By Paul Clark, James Stewart and Darlene Clark
Photo Credit: Courtesy Penn State University 
Paul Clark
 
Photo Credit: Courtesy Penn State University 
James Stewart
 
Photo Credit: Courtesy Penn State University 
Darlene Clark
 
  

Most of the news coverage of the immigration bill recently passed by the U.S. Senate has focused on initiatives that would strengthen border security, establish a guest worker program and provide a form of amnesty for undocumented immigrants. Virtually unnoticed in the bill was a provision that would make it easier for foreign nurses to immigrate and work in America's health care system.

The purpose of this provision, according to its authors, is to help reduce the nursing shortage currently facing our country by making it easier to recruit nurses from abroad. Unfortunately, this policy represents a band-aid approach to the serious nursing shortage we face and distracts employers and policy-makers from addressing the fundamental problems behind the shortage—the difficult working conditions nurses face every day on the job. In addition, recruiting nurses from less affluent nations that are grappling with their own shortage of nurses does great damage to developing countries' health care systems that struggle to provide even basic care to their citizens.

Anyone who has spent time in a hospital knows that registered nurses play a critical role in the provision of medical care.
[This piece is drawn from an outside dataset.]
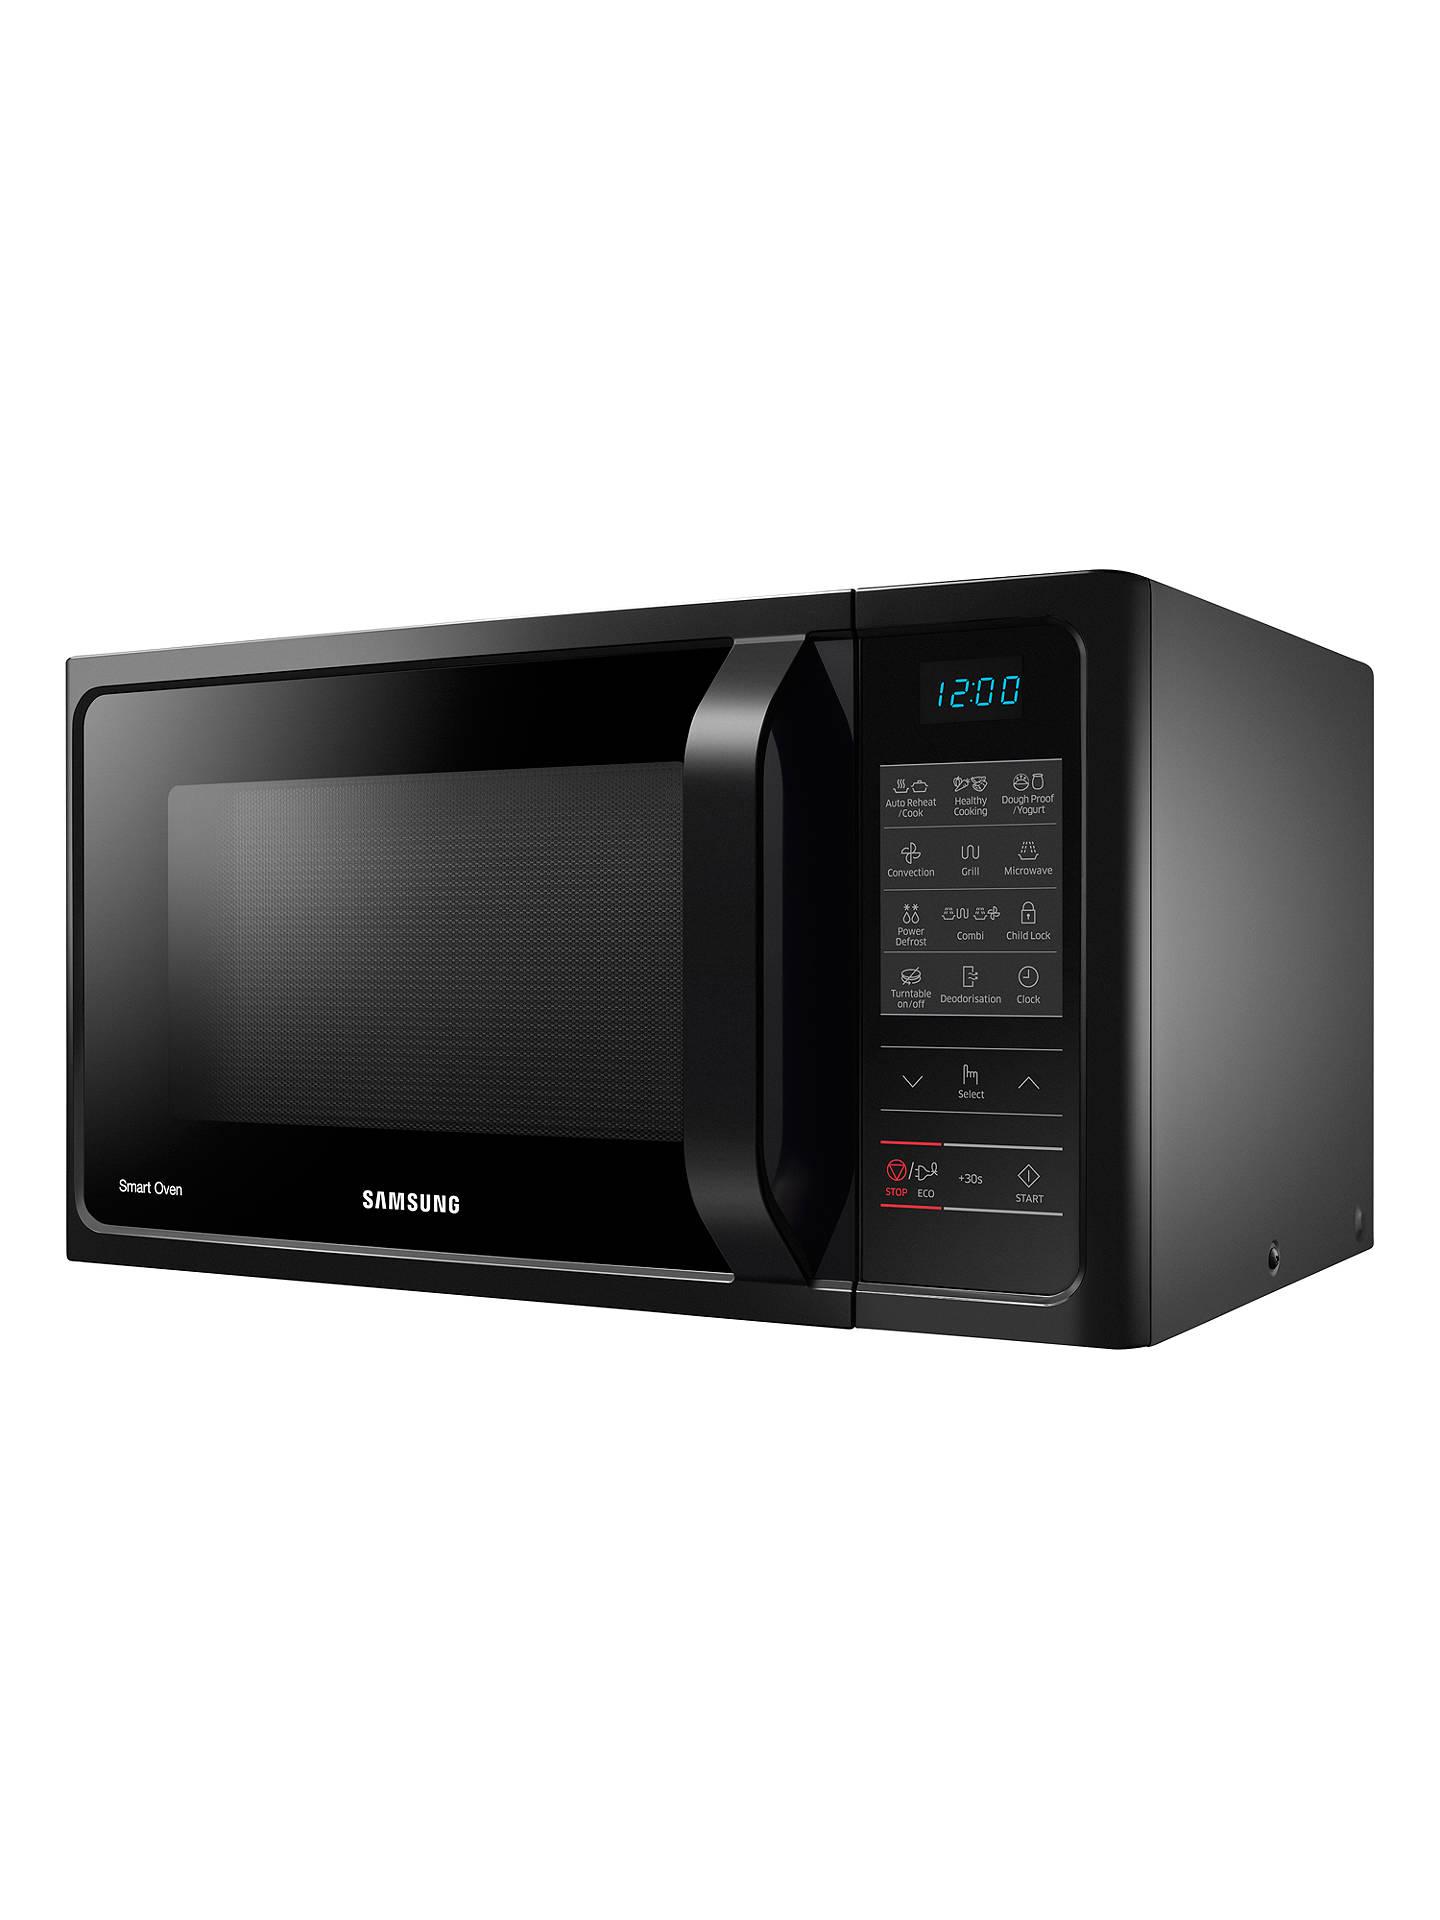 samsung mc28h5013ak combination microwave oven black at john lewis rh johnlewis com Samsung Tablet Ce0168 Instruction Manual Samsung User Manual Guide

Nurses represent the single largest occupational group in health care and because of the extensive time they spend with patients, they are at the heart of the care delivery system.

In recent years, the U.S. health care system has faced a significant shortage of nurses. Hospitals, in particular, have been unable to find sufficient nurses to fill their needs. As of April, U.S. hospitals had 118,000 openings for RNs. The number of vacant positions is expected to grow to 275,000 by 2010, and to more than 800,000 by 2020.

Despite these numbers, we do not really have a shortage of qualified nurses. What we have is an insufficient number of nurses willing to work under the very difficult working conditions they face in our hospitals. In 2000, for example, there were nearly 500,000 nurses not working in health care; many more than would be needed to fill every position in every health care facility in this country. While some nurses choose to stay at home and raise families, others work in fields ranging from real estate to education to retail sales. In a great many cases, they do so because they believe current conditions in our hospitals prevent them from providing optimal, or even adequate, care to their patients.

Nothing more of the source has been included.